The net effect is a long-term backdrop that leans positive, but softening industrial use puts a ceiling on how far silver can climb without help from the macro side, like rates or the dollar.
It’s also why silver can behave differently from gold during a downturn.
Gold’s industrial use is a small slice of total demand, most of which comes from jewelry, investment, and central bank buying, so it’s barely affected by a manufacturing slowdown.
Silver’s industrial applications make up a much larger share of its total demand, so worries about a manufacturing slowdown can pull silver’s price down even during periods when gold is rising on safe-haven buying.
Three scenarios for the second half
Here’s how silver could play out in the second half of the year, depending on how macro headlines like Fed decisions or dollar moves shake out.
These are possible scenarios of what could happen under different conditions, not predictions of what will happen.
Bullish
Rates fall and the dollar weakens, which makes silver more attractive to hold since there’s less opportunity cost to owning an asset that pays no interest, and it becomes cheaper for buyers outside the US.
That extra buying comes on top of a market that already doesn’t have enough metal, described above, which can amplify price moves since there’s less available to absorb the demand.
In this scenario, silver could push back toward the upper part of its 2026 range, with quick rallies and shallow pullbacks as buyers step in on dips.
Base case
The Fed holds rates steady rather than cutting or hiking, and the dollar holds relatively firm.
Industrial demand stays soft but stable rather than collapsing, and investment demand remains solid but not explosive.
Under these conditions, silver likely trades in a wide sideways range around current levels, with sharp swings up and down but no clear long-term trend.
Bearish
The dollar keeps strengthening and the Fed becomes more hawkish, keeping real rates elevated.
Industrial demand weakens more than expected, and investment interest cools.
In this case, silver could retest or break below its recent lows, towards $50, with rallies fading quickly as traders focus on weaker industrial demand.
Scenario summary
Here’s the same breakdown side by side for quick reference.
| Scenario | What would cause it | What price action might look like |
|---|---|---|
| Bullish | Rates fall, the dollar weakens, and investment demand keeps growing, adding to a market that already doesn’t have enough metal | Price pushes toward the top of its 2026 range, with quick rallies and shallow dips |
| Base case | The Fed holds rates steady, the dollar holds firm, industrial demand stays soft but doesn’t collapse | Wide sideways range, choppy but without a clear trend |
| Bearish | Dollar keeps strengthening, the Fed turns more hawkish or hikes, real rates stay elevated, industrial demand weakens further, investment interest cools | Price retests or breaks below recent lows, rallies fade quickly |
What to watch
These are the signals that will tell you which scenario is playing out.

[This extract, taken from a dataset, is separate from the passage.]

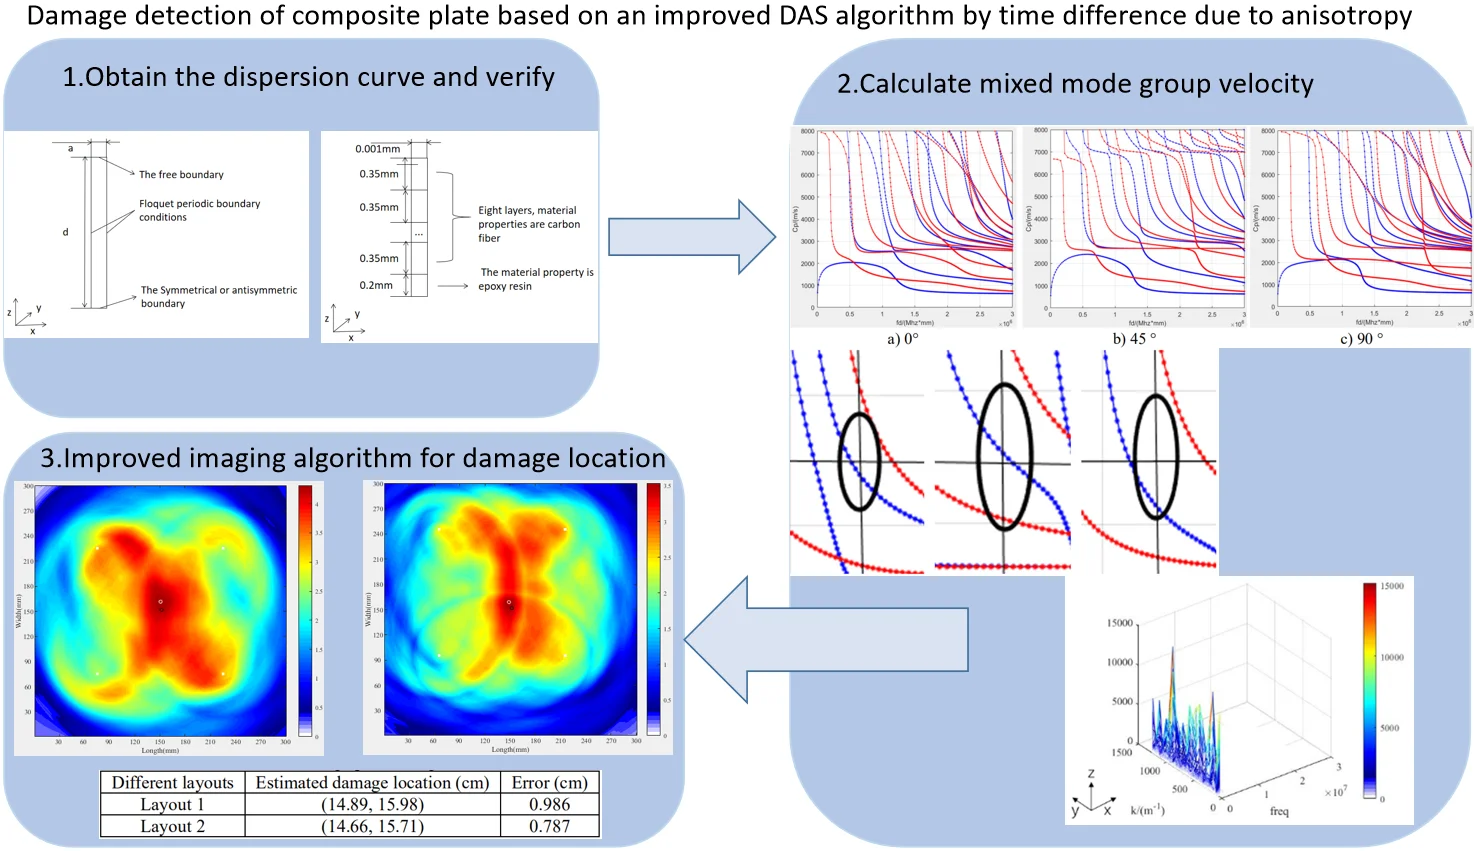 Damage detection of composite plate based on an improved DAS algorithm by time difference due to anisotropy

- Fed language on future rate moves.
- Dollar strength or weakness in coming months.
- Solar manufacturer earnings calls (e.g., First Solar (FSLR), JinkoSolar (JKS), Canadian Solar (CSIQ)) for signs of continued cuts to the amount of silver used per panel.
- Data center and AI infrastructure spending, since it’s the main offset to weaker solar demand
If these lean bullish, silver has room to grind higher.
If those forces turn bearish, weaker industrial demand and a stronger dollar could push silver back toward its recent lows first, with a deeper slide toward $50 becoming possible if selling pressure builds.